* _SOURCE RECORDS_
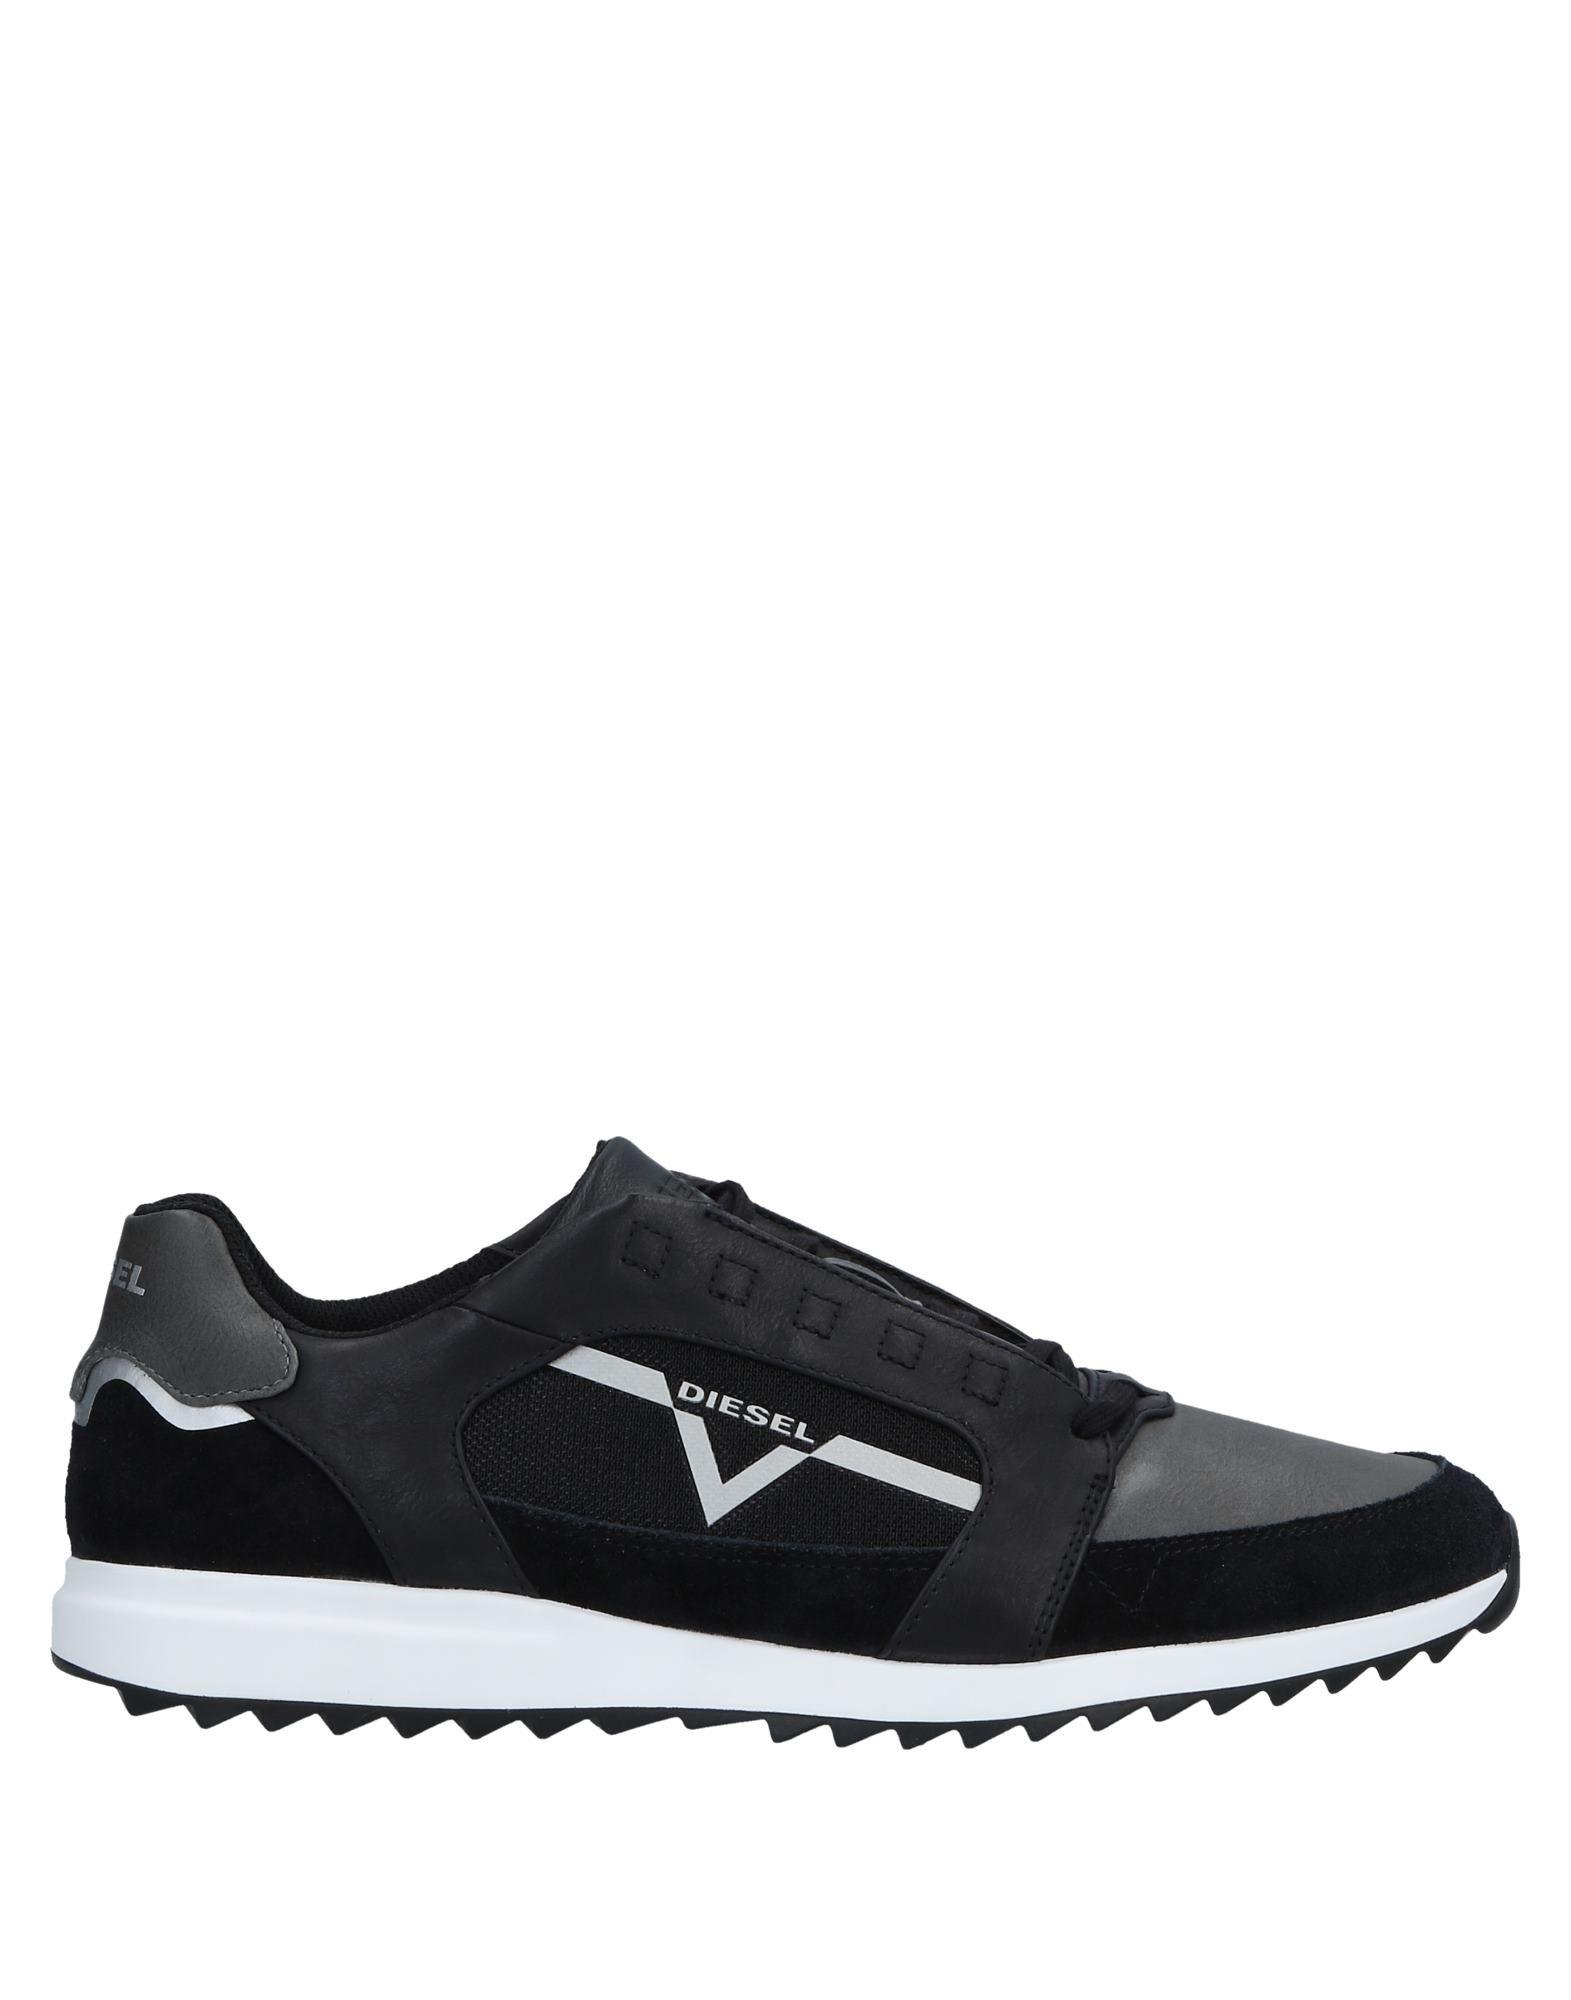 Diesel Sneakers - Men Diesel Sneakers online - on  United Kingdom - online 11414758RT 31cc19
---
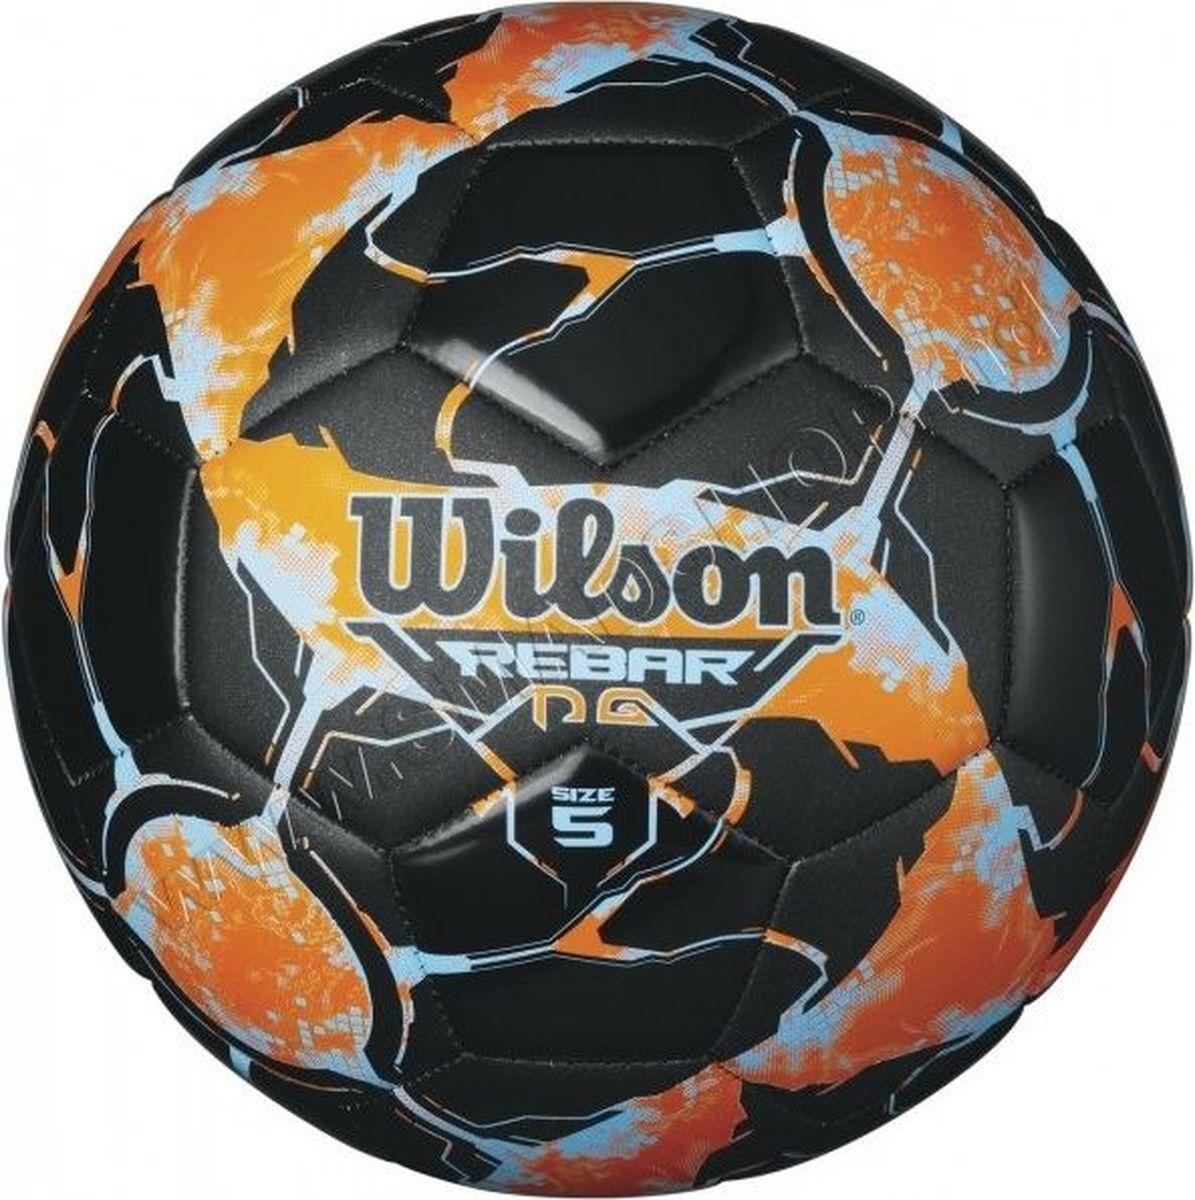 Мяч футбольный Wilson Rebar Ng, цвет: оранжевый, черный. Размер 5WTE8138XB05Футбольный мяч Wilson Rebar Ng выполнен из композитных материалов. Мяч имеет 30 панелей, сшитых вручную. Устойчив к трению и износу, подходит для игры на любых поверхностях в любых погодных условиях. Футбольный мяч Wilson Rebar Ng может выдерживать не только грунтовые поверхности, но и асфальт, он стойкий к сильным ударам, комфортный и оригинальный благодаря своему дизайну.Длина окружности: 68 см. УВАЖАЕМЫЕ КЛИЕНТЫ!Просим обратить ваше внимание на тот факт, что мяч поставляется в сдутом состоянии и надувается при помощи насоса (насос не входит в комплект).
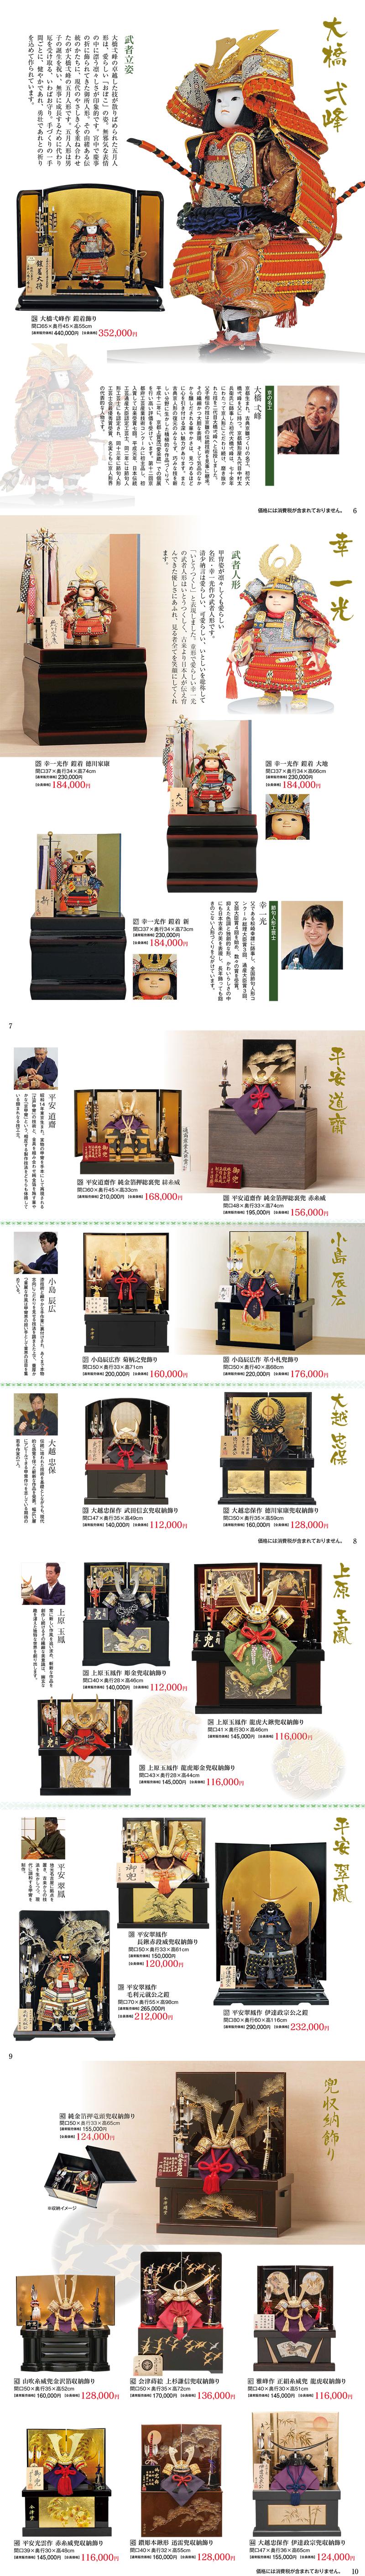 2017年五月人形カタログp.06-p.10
* * *
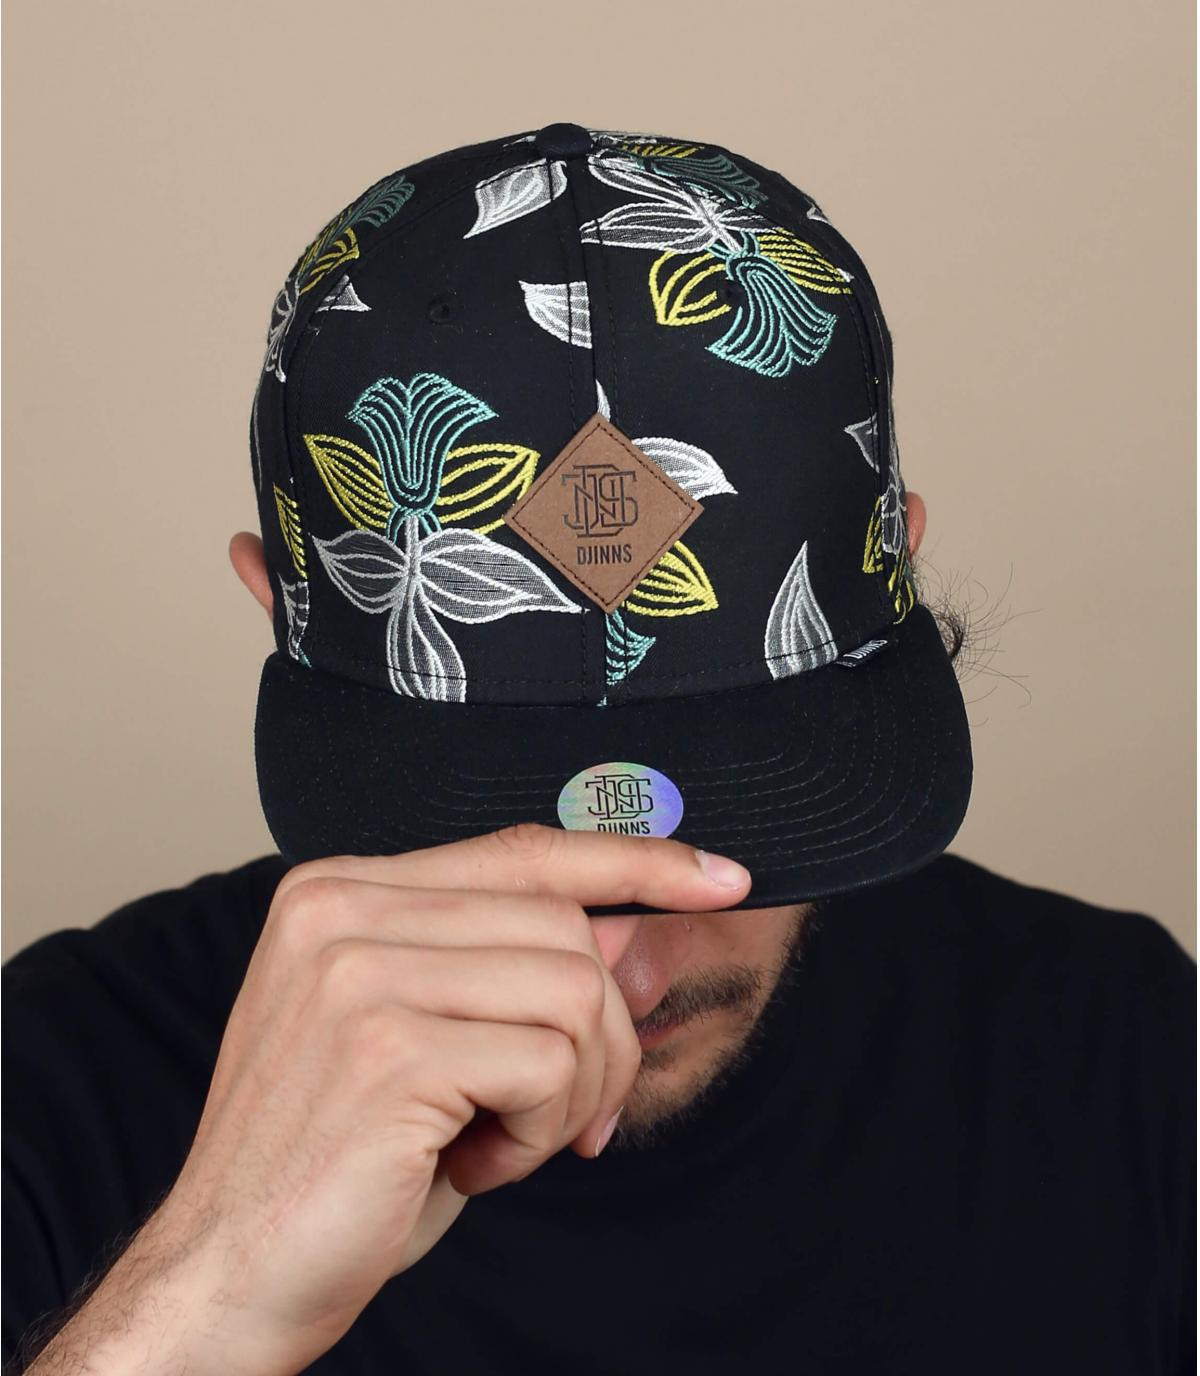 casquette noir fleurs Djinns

* _REQUIRED ACTION_
Using the data above, print only the lines starting at the one with "Мяч футбольный Wilson" and ending at the one with "2017年五月人形カタログp.06-p.10", exactly as they stand, minus the pictures.

* _ANSWER SPACE_
 Мяч футбольный Wilson Rebar Ng, цвет: оранжевый, черный. Размер 5WTE8138XB05Футбольный мяч Wilson Rebar Ng выполнен из композитных материалов. Мяч имеет 30 панелей, сшитых вручную. Устойчив к трению и износу, подходит для игры на любых поверхностях в любых погодных условиях. Футбольный мяч Wilson Rebar Ng может выдерживать не только грунтовые поверхности, но и асфальт, он стойкий к сильным ударам, комфортный и оригинальный благодаря своему дизайну.Длина окружности: 68 см. УВАЖАЕМЫЕ КЛИЕНТЫ!Просим обратить ваше внимание на тот факт, что мяч поставляется в сдутом состоянии и надувается при помощи насоса (насос не входит в комплект).
 2017年五月人形カタログp.06-p.10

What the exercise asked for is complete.